= Directions =
Make an exact copy of the listing underneath, skipping each picture.

= Supplied information =
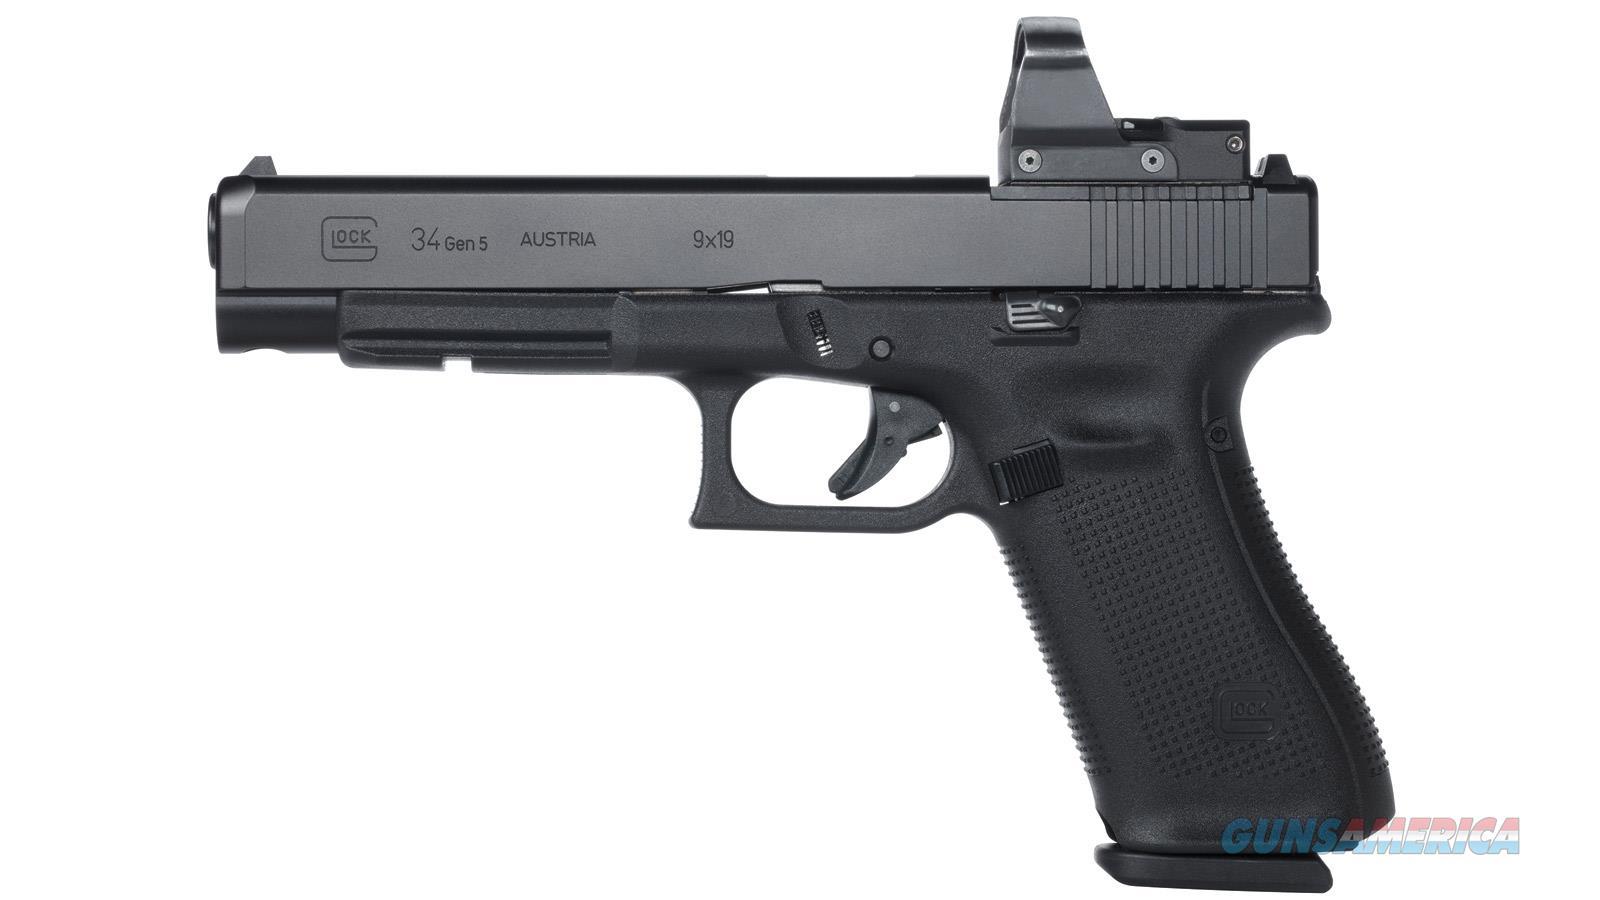 Glock 34 9Mm Mos Gen5 17Rd PA3430103MOS  Guns > Pistols > G Misc Pistols
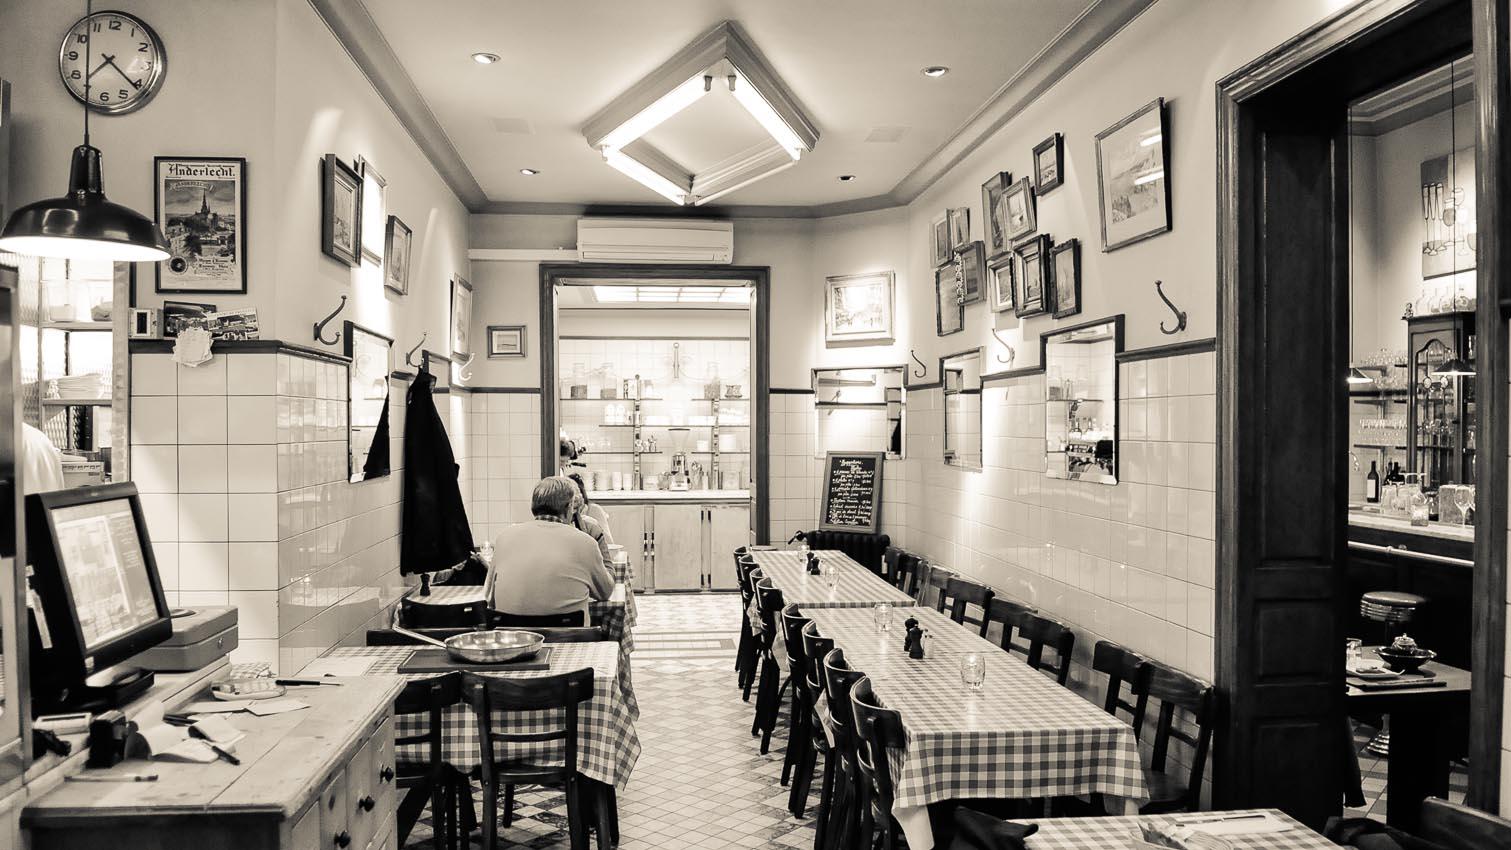 10-cafe-bar-resto-nightclub-decors-film-cinema-photo-belgium-bruxelles
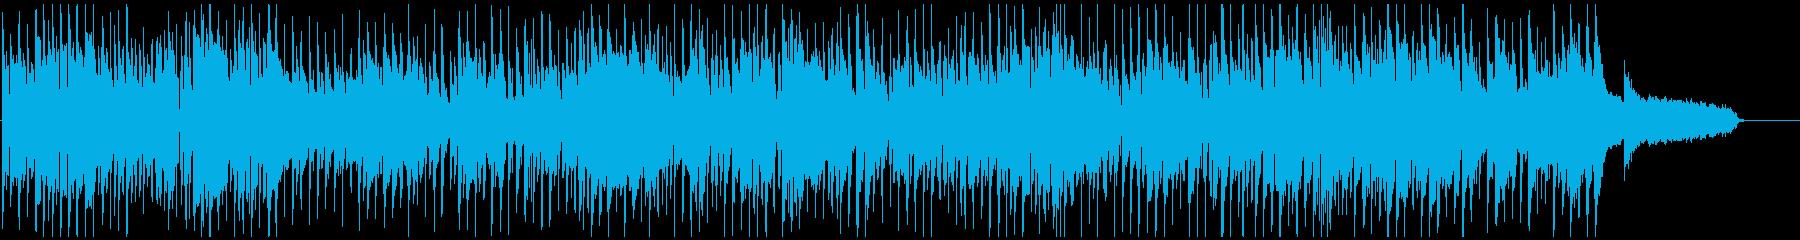 ノリノリなサックス生演奏のクラブジャズの再生済みの波形
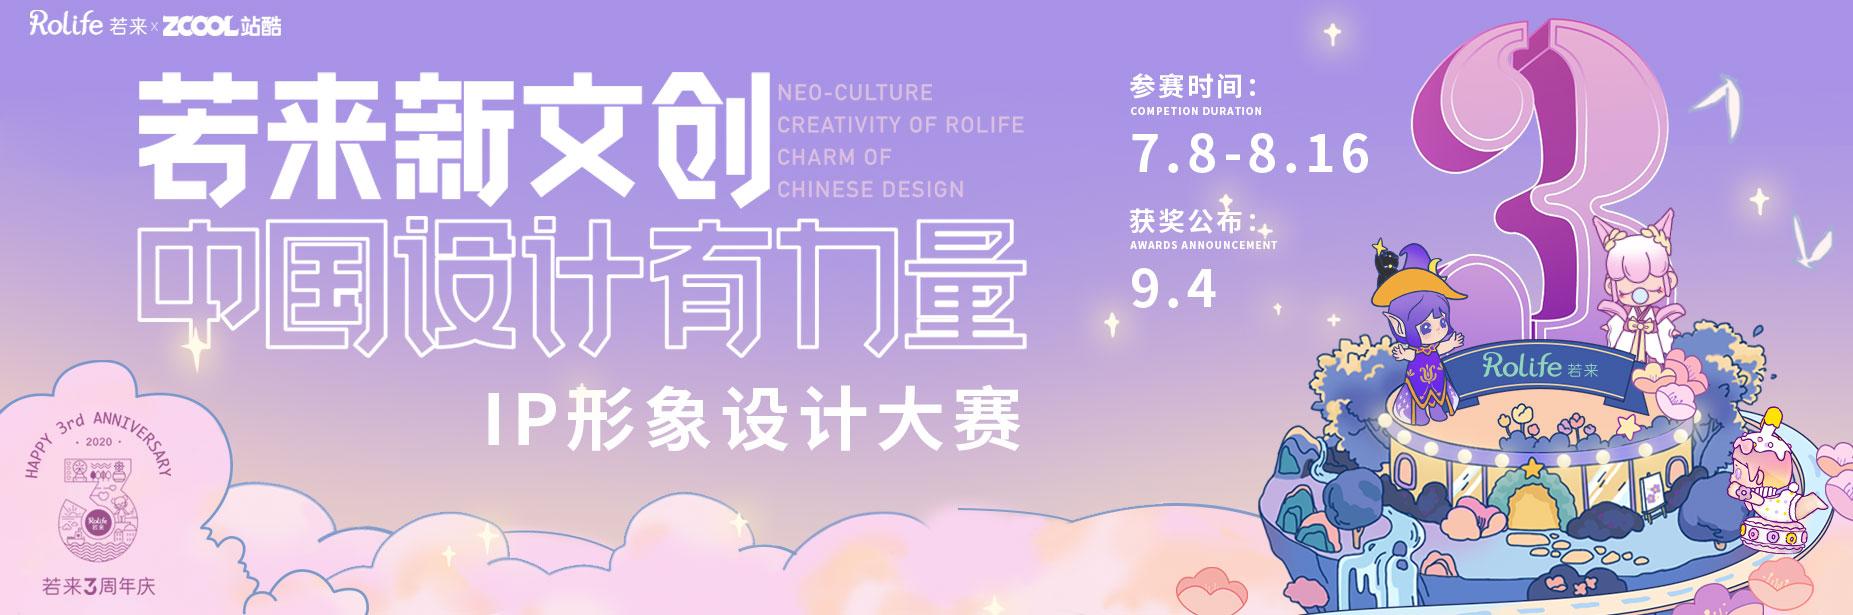 官网banner

= Response area =
 Glock 34 9Mm Mos Gen5 17Rd PA3430103MOS  Guns > Pistols > G Misc Pistols
 10-cafe-bar-resto-nightclub-decors-film-cinema-photo-belgium-bruxelles
 ノリノリなサックス生演奏のクラブジャズの再生済みの波形
 官网banner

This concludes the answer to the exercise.